**DATA BELOW**
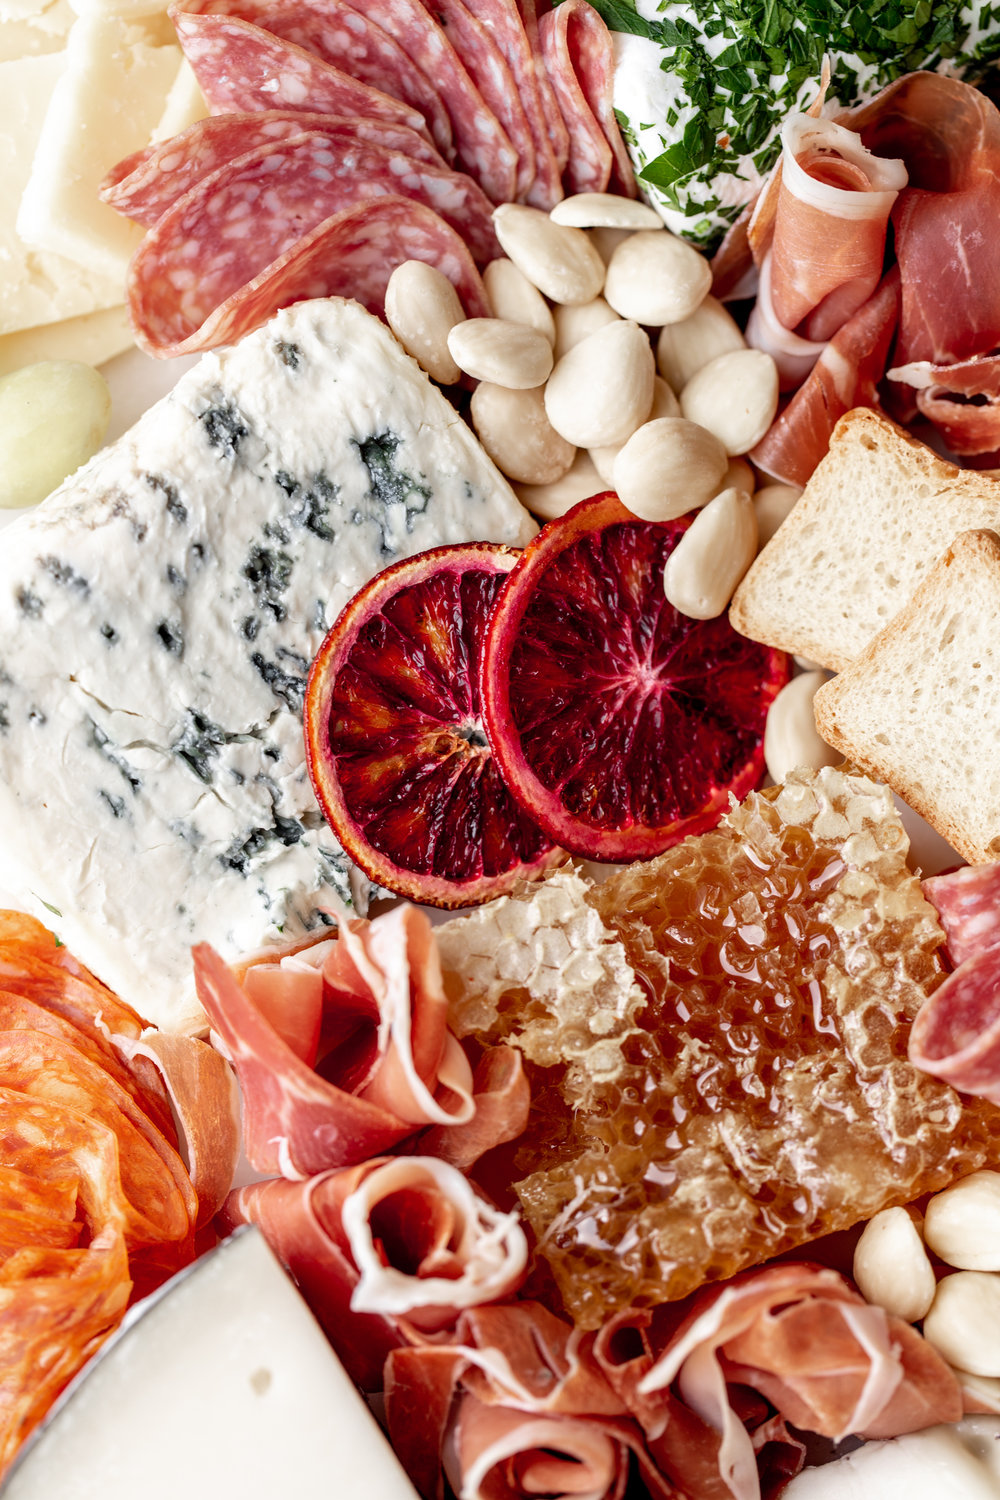 How to put together a cheese and charcuterie board saint agur blue cheese
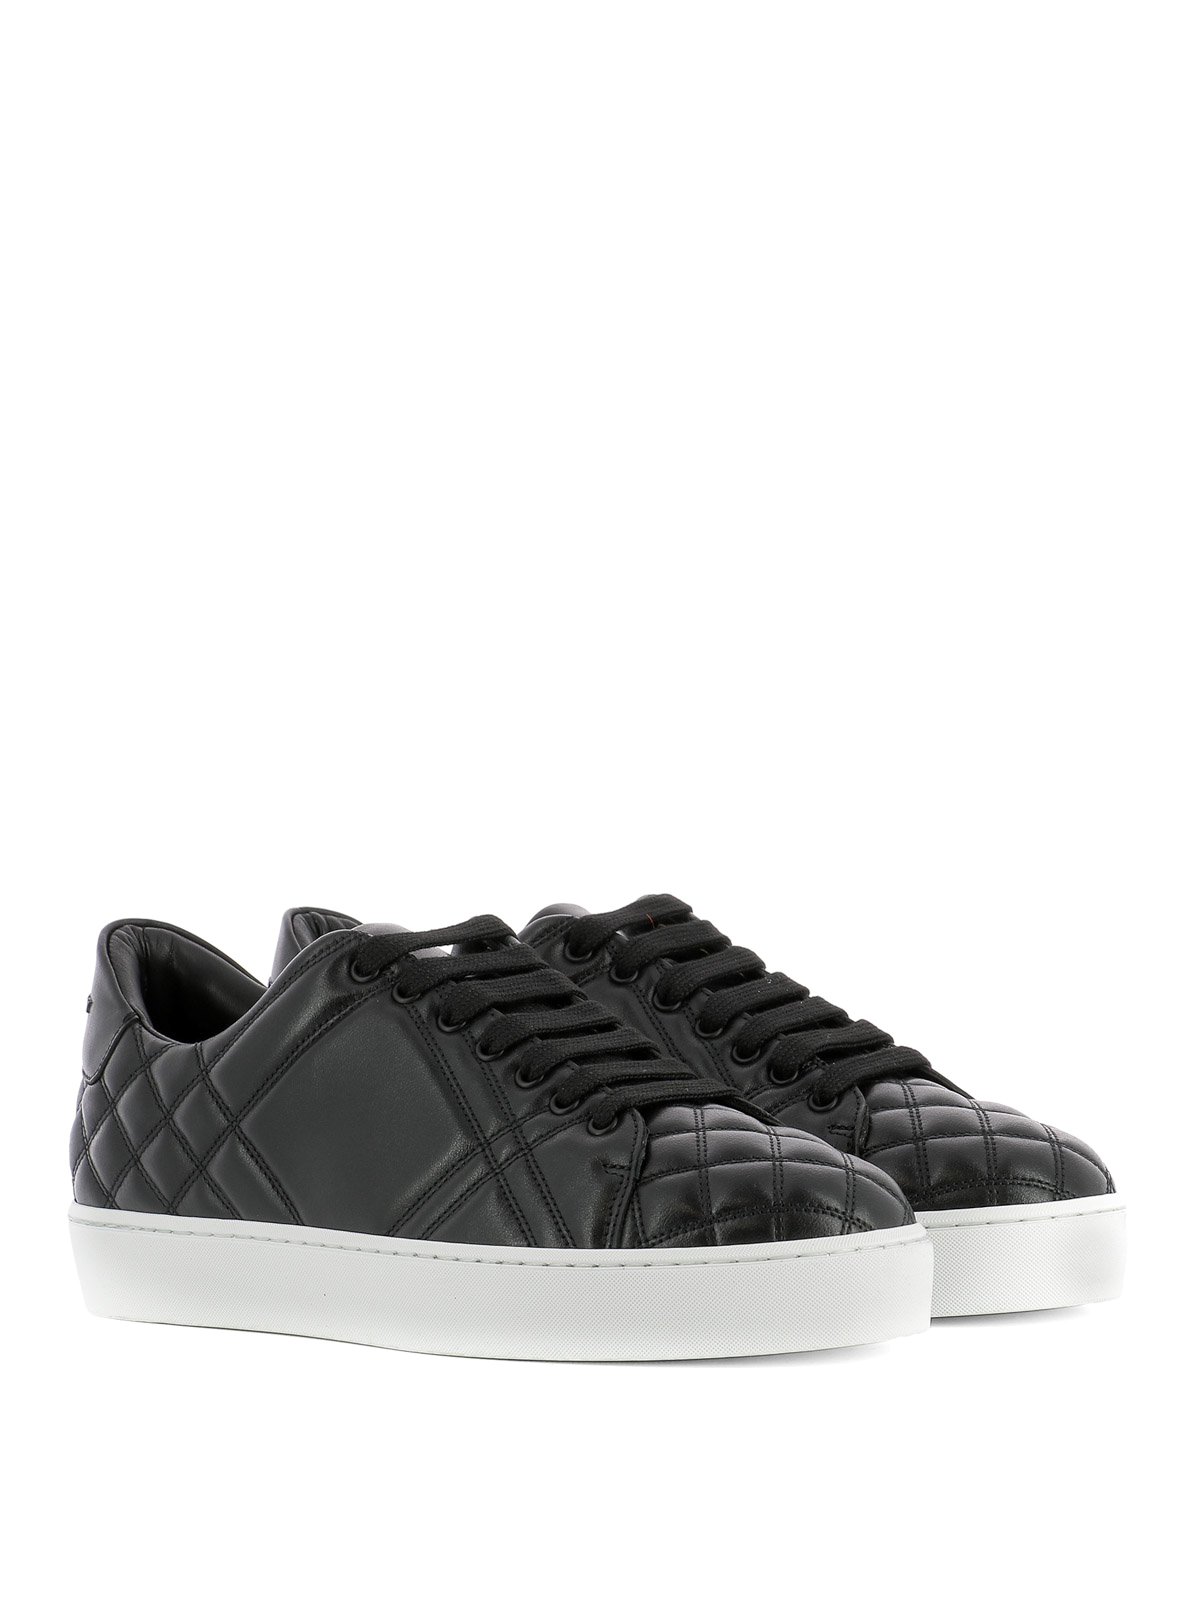 Trainers Burberry - Westford quilted leather sneakers - 4054106
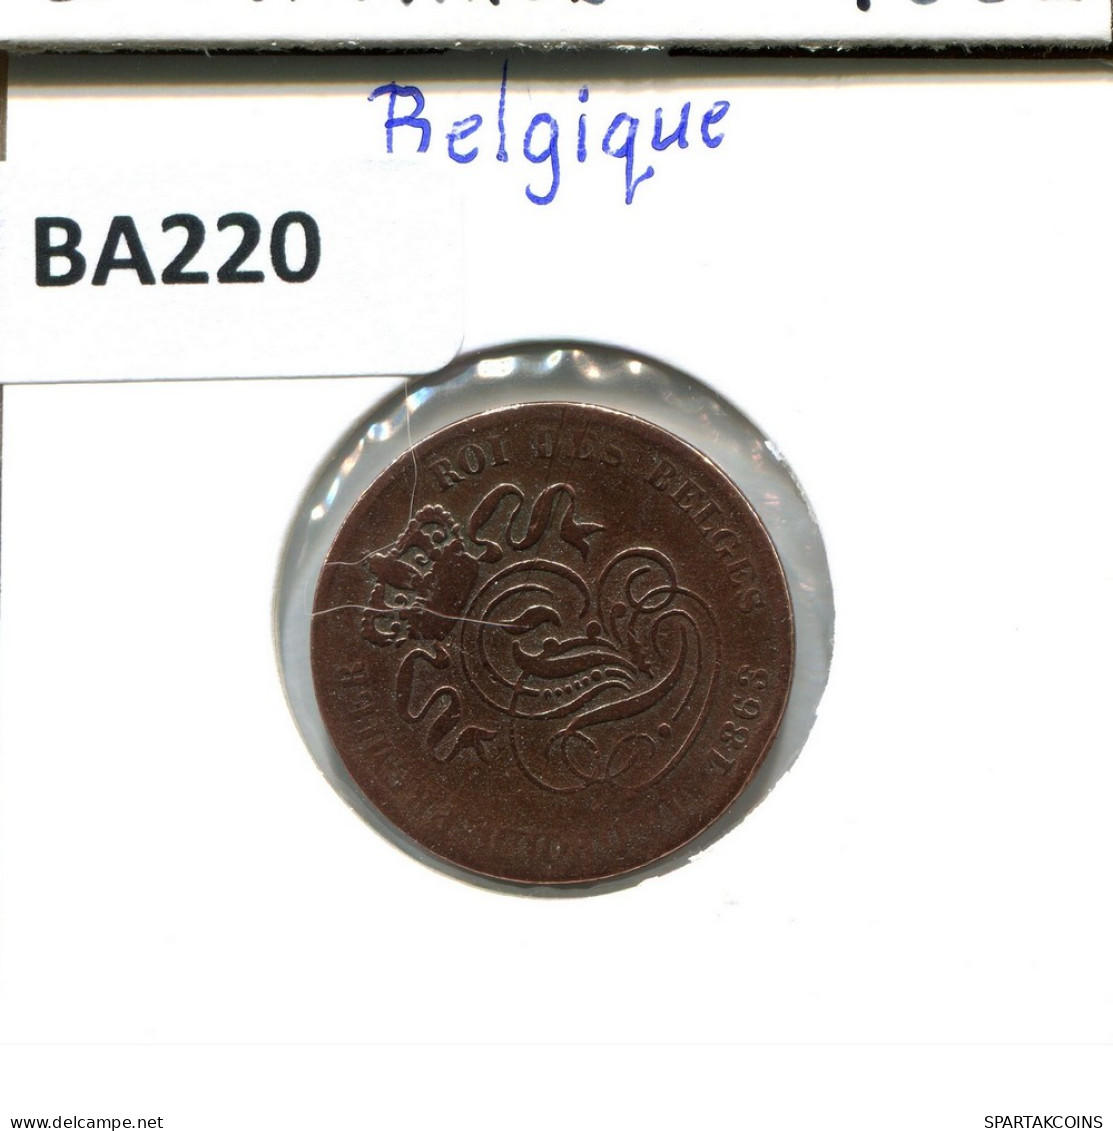 2 CENTIMES 1863 FRENCH Text BELGIUM Coin #BA220.U - 2 Cents

**TASK PROMPT**
Copy all of the material word for word, and include none of its pictures.

**OUTPUT BELOW**
 How to put together a cheese and charcuterie board saint agur blue cheese
 Trainers Burberry - Westford quilted leather sneakers - 4054106
 2 CENTIMES 1863 FRENCH Text BELGIUM Coin #BA220.U - 2 Cents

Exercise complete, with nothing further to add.